Todas las virtudes pacíficas que tienden a regularizar el cuerpo social y a favorecer el negocio, deben, pues, ser estimadas en este pueblo, y no se podrían descuidar sin incurrir en el desprecio público.

Todas las virtudes turbulentas que hacen brillar algunas veces la sociedad, pero que la trastornan con más frecuencia, ocupan en la opinión de este pueblo un puesto muy subalterno. Se pueden descuidar sin perder el aprecio de sus conciudadanos, pues más bien se perdería adquiriéndolas.

Con la misma arbitrariedad clasifican los vicios los norteamericanos. Hay ciertas inclinaciones perniciosas en el sentir común y en la conciencia universal del género humano, que están de acuerdo con las necesidades particulares y momentáneas de la asociación norteamericana, y aunque las reproche débilmente, algunas veces también las alaba. Citaré como la principal, el amor a las riquezas y las inclinaciones secundarias que de él se derivan. Para desmontar, fecundar y transformar este vasto continente desierto, que es su dominio, necesita el norteamericano de una pasión enérgica, y ésta no puede ser otra que el amor a las riquezas; tal pasión, pues, no es reprobada en Norteamérica, sino más bien honrada, con tal que no traspase los límites que le señala el orden público. El norteamericano llama noble y estimable ambición a lo que nuestros padres de la Edad Media llamaban codicia servil, y llaman furor ciego y bárbaro a la conquistadora actividad y genio guerrero que los impelía a nuevos combates.

En los Estados Unidos, las fortunas se hacen y se destruyen con facilidad. El país no tiene límites y está lleno de recursos inagotables. El pueblo tiene todas las necesidades y todas las pasiones de un ser que crece y, cualesquiera que sean sus esfuerzos, se ve siempre rodeado de más bienes que los que puede adquirir. Lo que principalmente se debe temer de un pueblo semejante, no es la ruina de algunos individuos que bien pronto se repara, sino la inactividad y molicie de todos. La audacia en sus empresas industriales es la primera causa de sus progresos rápidos, de su fuerza y de su grandeza. La industria es para él una vasta lotería en la que un pequeño número de hombres pierden continuamente, mientras que el Estado gana siempre: un pueblo semejante debe favorecer y aun honrar la audacia en materia de industria, aunque toda empresa atrevida comprometa la fortuna del que se entrega a ella, y la de todos los que se fían de él. Los norteamericanos, que hacen de la temeridad comercial una especie de virtud, en ningún caso pueden vituperar a los temerarios.

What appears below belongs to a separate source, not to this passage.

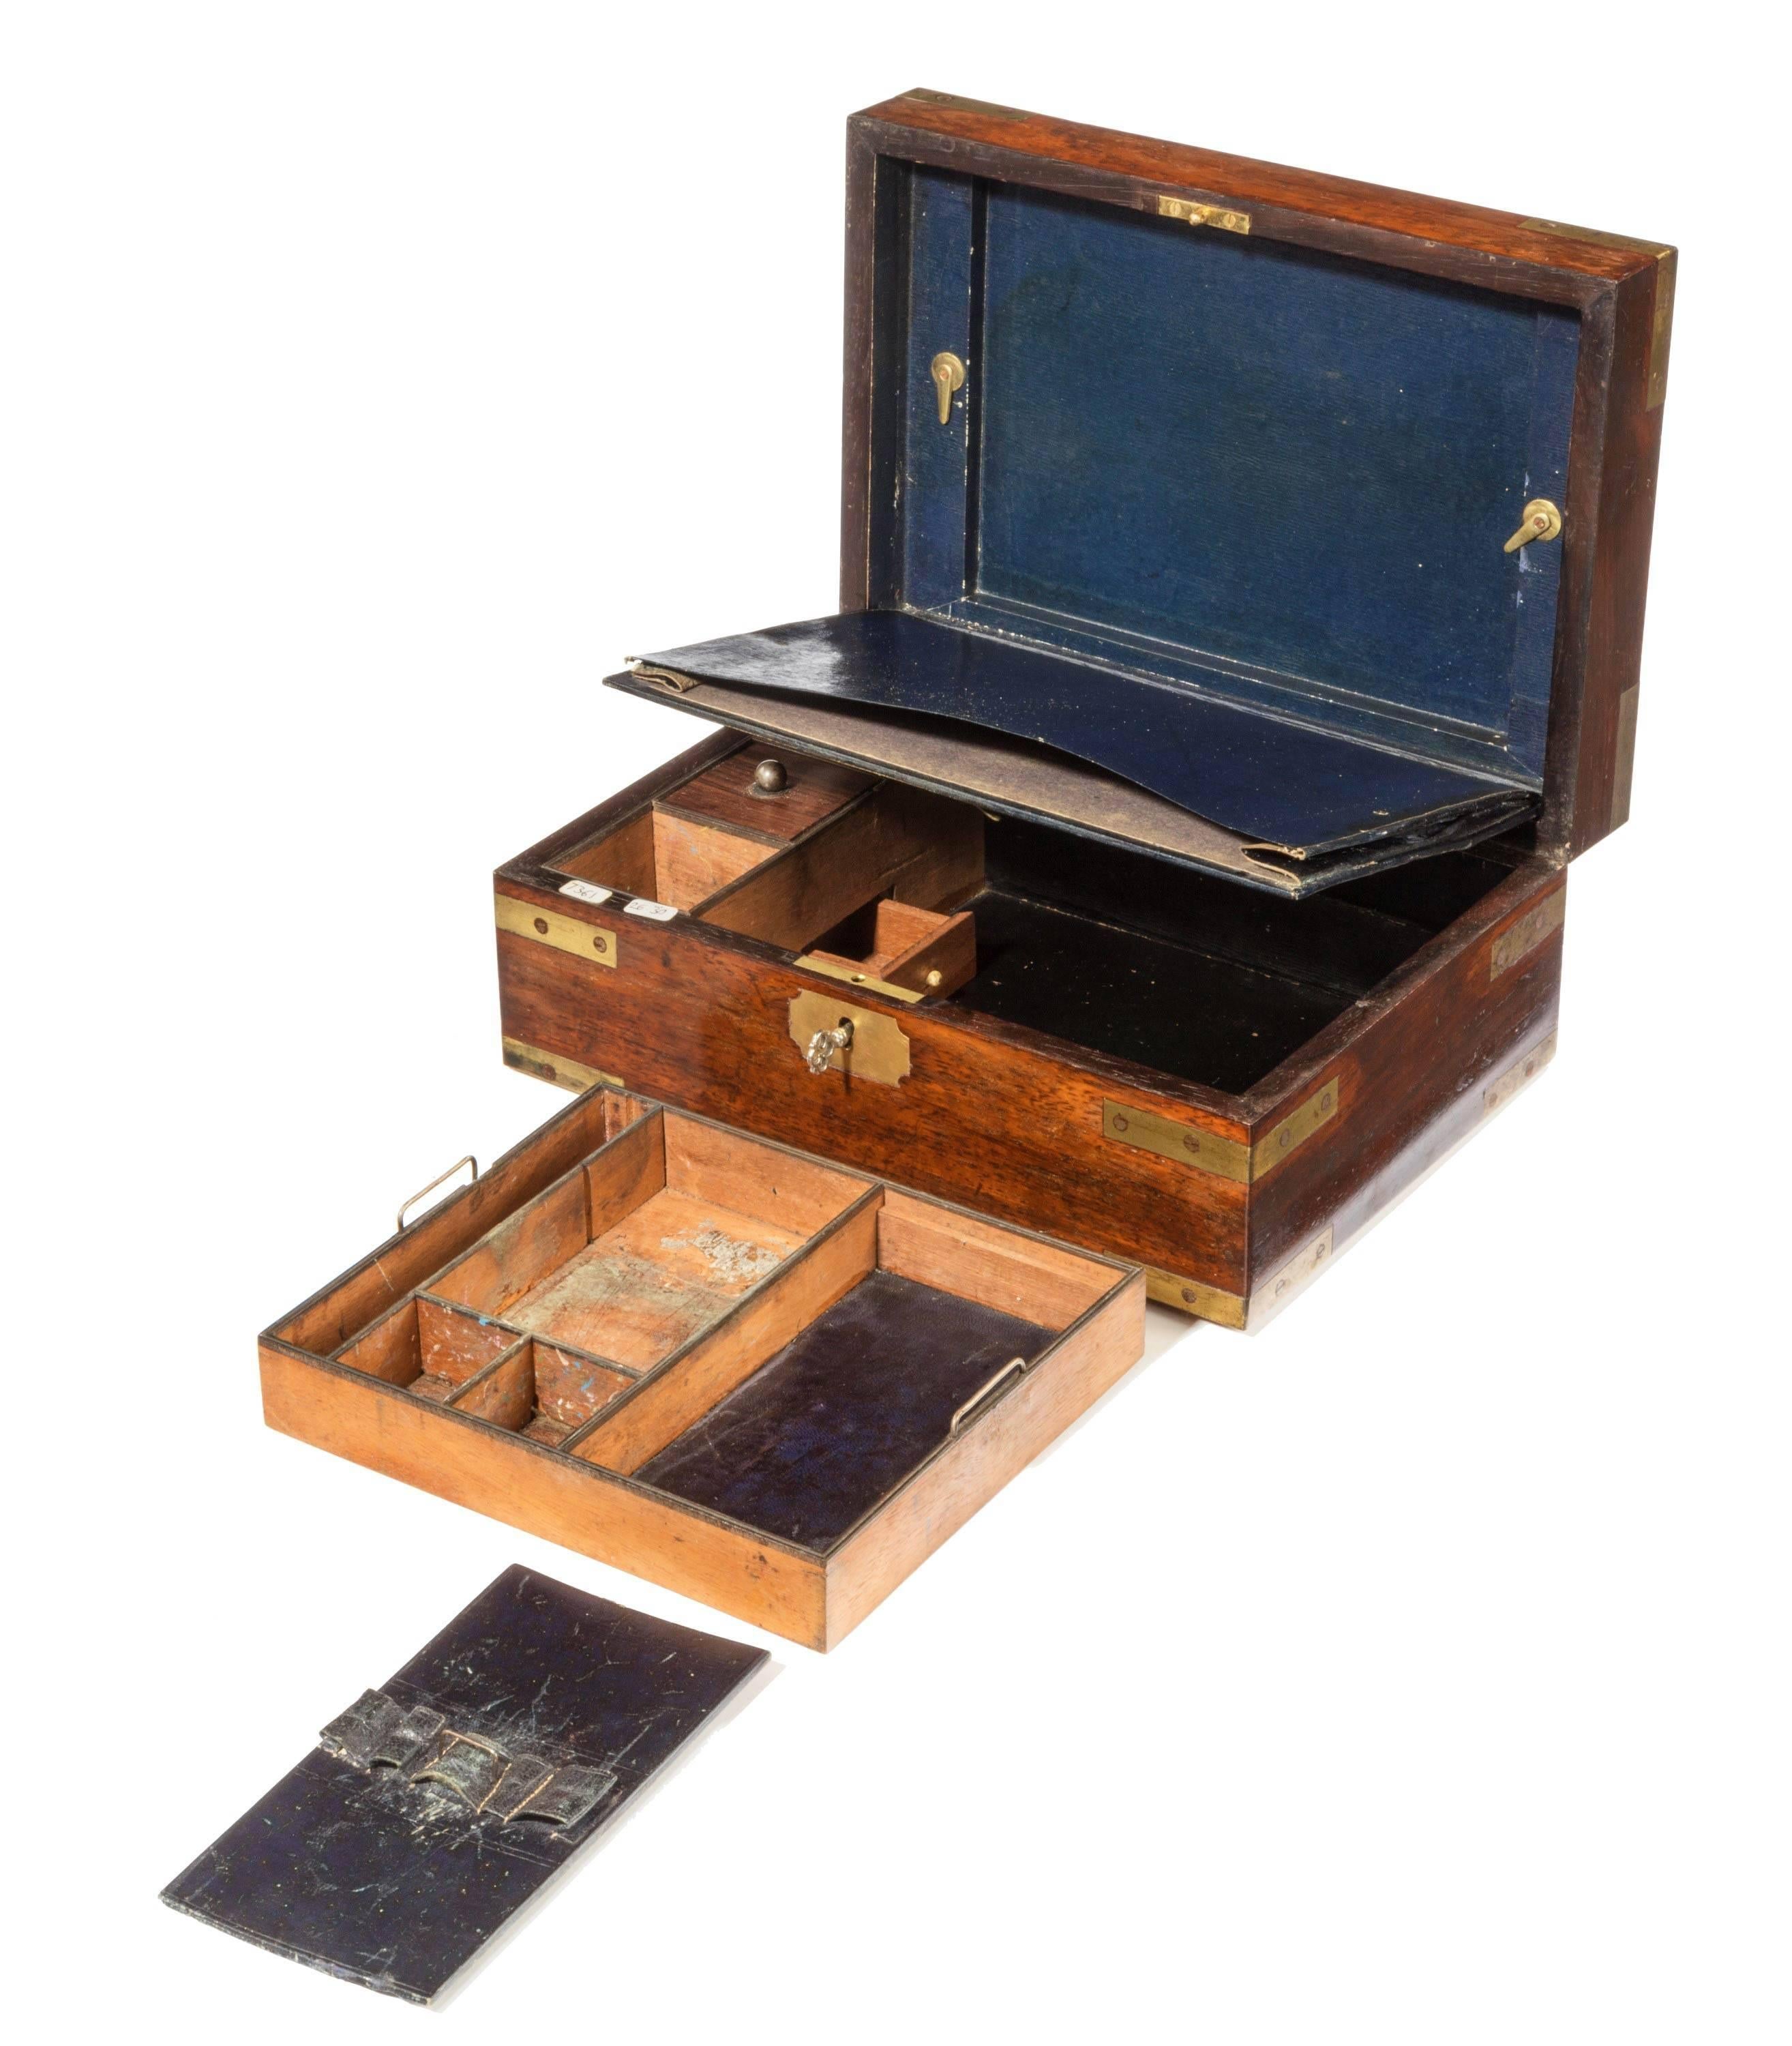 English Late 18th Century Brass-Mounted Mahogany Travelling Box

De aquí nace la indulgencia tan singular que se demuestra en los Estados Unidos con el comerciante que quiebra, cuyo honor no sufre con semejante accidente. En esto difieren los norteamericanos, no sólo de los pueblos europeos, sino de todas las naciones comerciantes de nuestros días, así como no se parecen a ninguna de ellas por su condición ni por sus necesidades.

En Norteamérica, se tratan con una severidad desconocida en el resto del mundo todos los vicios que alteran la pureza de las costumbres y destruyen la unión conyugal. Esto contrasta a primera vista de un modo extraño con la tolerancia que muestran sobre otros puntos, y cualquiera se sorprende al ver una moral tan relajada y austera en el mismo pueblo.

Estas cosas no son tan incoherentes como se supone. La opinión pública en los Estados Unidos no reprime más que suavemente el amor a la riqueza, porque tiene por objeto la industria y la prosperidad de la nación, y condena con rigor las malas costumbres, porque distraen el espíritu humano de la conquista del bienestar y turban el orden interior de la familia, tan necesario al progreso de los negocios. Los norteamericanos, para lograr la estimación de sus semejantes, necesitan someterse a hábitos regulares y en este sentido puede decirse que fundan su honor en ser castos.

El honor norteamericano concuerda en un punto con el antiguo de Europa, pone el valor a la cabeza de todas las virtudes y hace de él la principal necesidad moral del hombre, pero no considera el valor bajo el mismo aspecto.

En los Estados Unidos, se aprecia bien poco el valor guerrero; el que más se conoce y estima es el que desafía los furores del Océano para llegar más pronto al puerto, soporta sin quejarse las miserias del desierto y la soledad, más cruel que todas las miserias; el valor que vuelve casi insensible la súbita pérdida de una fortuna adquirida con gran trabajo y sugiere nuevos esfuerzos para formar otra. Un valor de esta suerte es necesario al mantenimiento y prosperidad de la asociación norteamericana y con particularidad honrado y alabado por ella. Sin este valor, apenas puede conseguirse reputación entre los norteamericanos.

Encuentro todavía otro rasgo que acabará por hacer evidente la idea de este capítulo.

En una sociedad democrática, como la de los Estados Unidos, en que las fortunas son pequeñas y están mal aseguradas, todo el mundo trabaja y el trabaio conduce a todo. Esto ha dado un nuevo giro al honor, dirigiéndolo contra la ociosidad.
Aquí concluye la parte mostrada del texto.